◆ **Information provided**:
──────────────────────────────

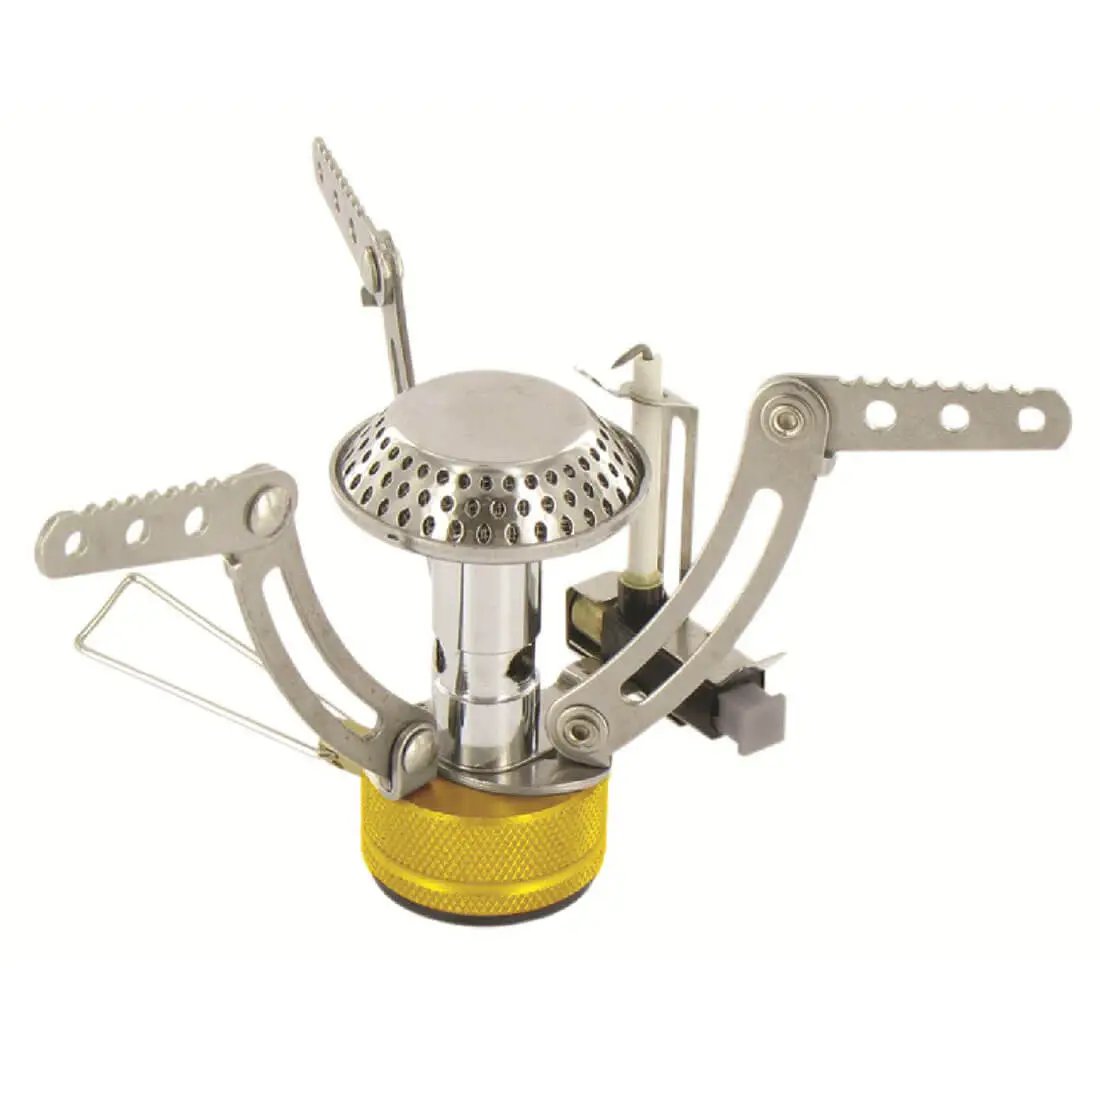 Highlander HPX200 Portable Lightweight & Compact Camping Stove - John Bull Clothing
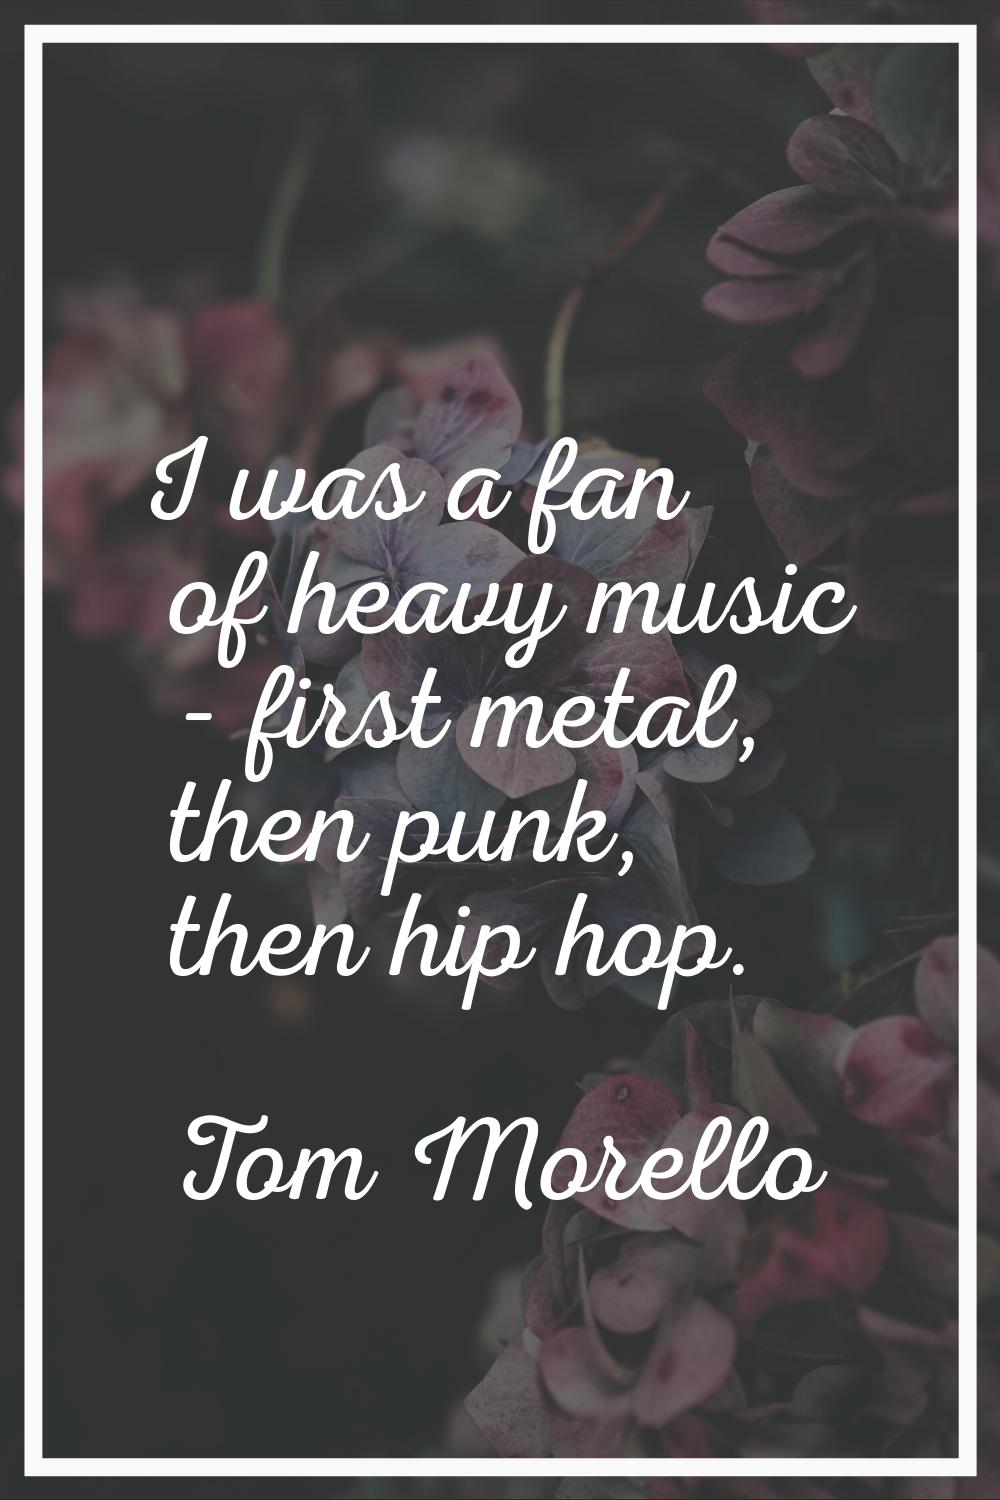 I was a fan of heavy music - first metal, then punk, then hip hop.
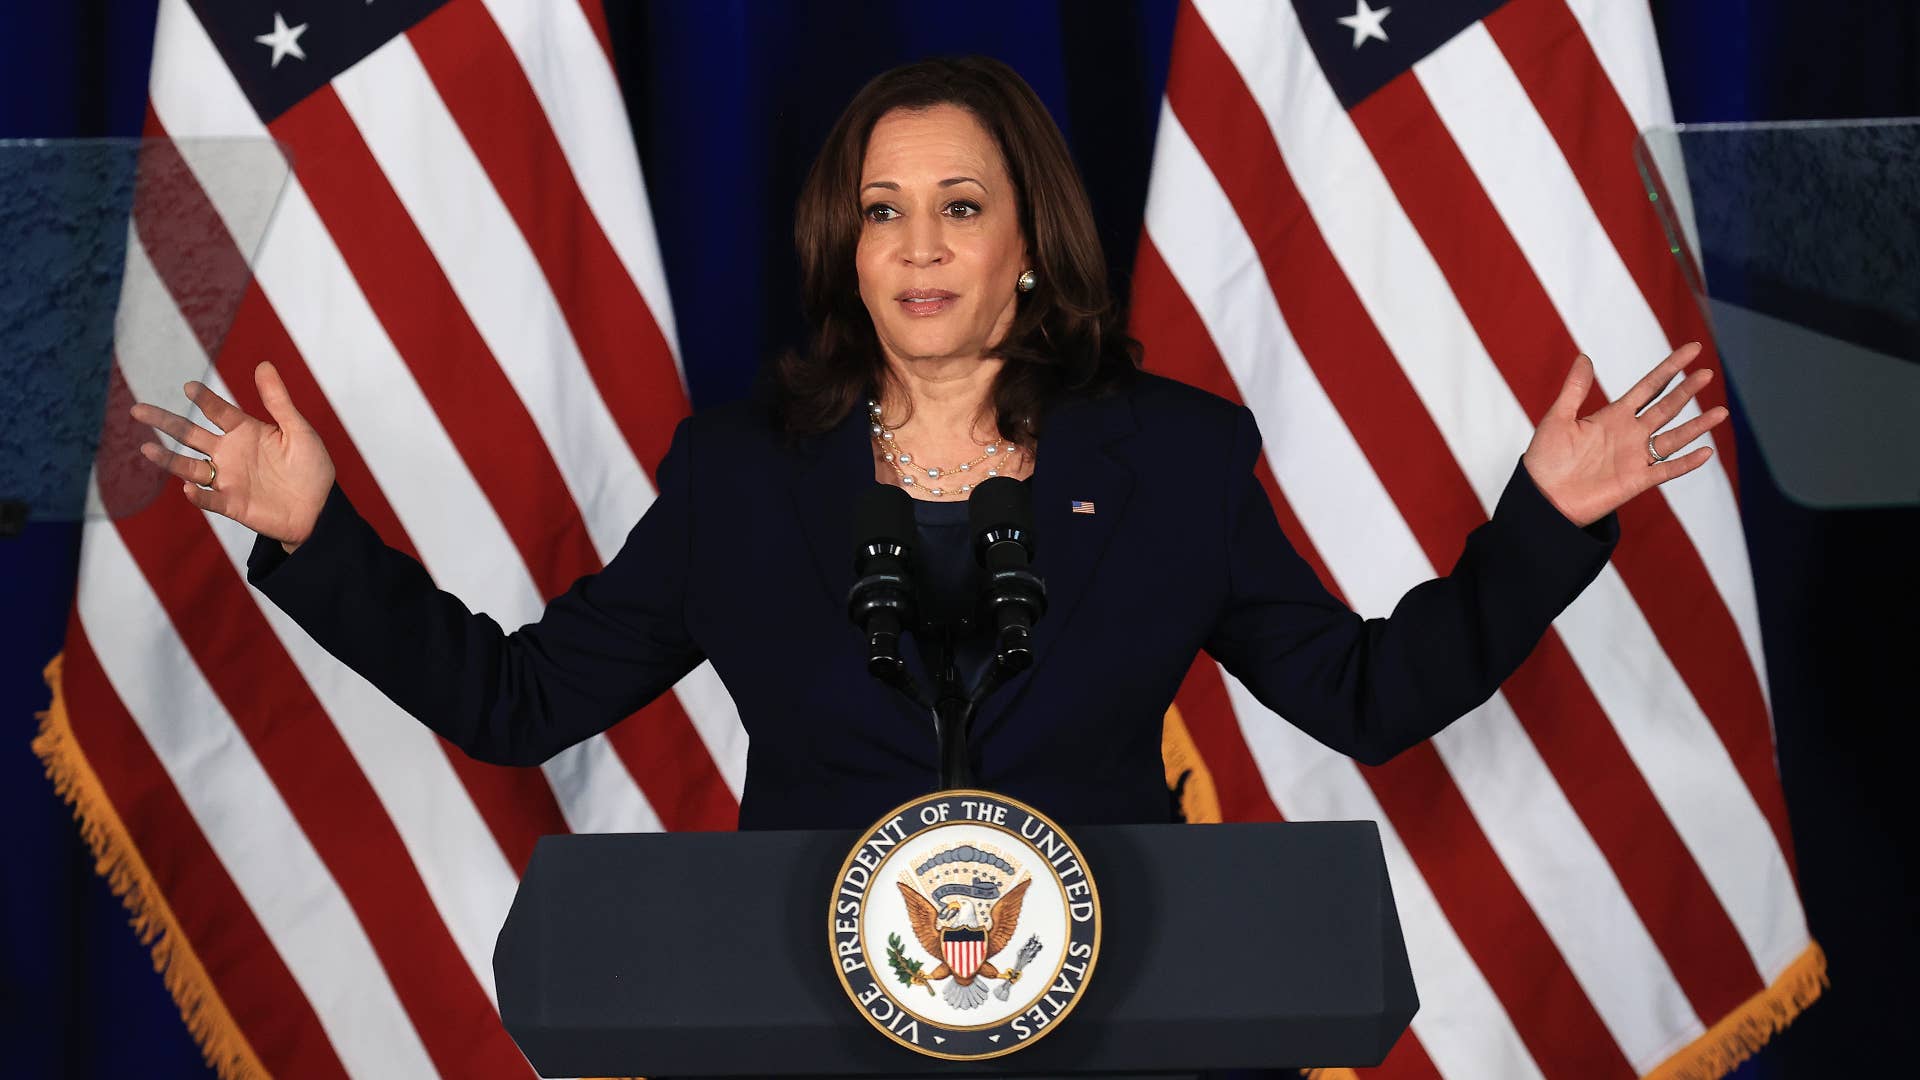 U.S. Vice President Kamala Harris delivers remarks at the Louis Stokes Library.

──────────────────────────────

◆ **Exercise**: Transcribe the full listing exactly, but keep every image out of it.

◆ **Solution for this problem**:
 Highlander HPX200 Portable Lightweight & Compact Camping Stove - John Bull Clothing
 I was a fan of heavy music - first metal, then punk, then hip hop.
 U.S. Vice President Kamala Harris delivers remarks at the Louis Stokes Library.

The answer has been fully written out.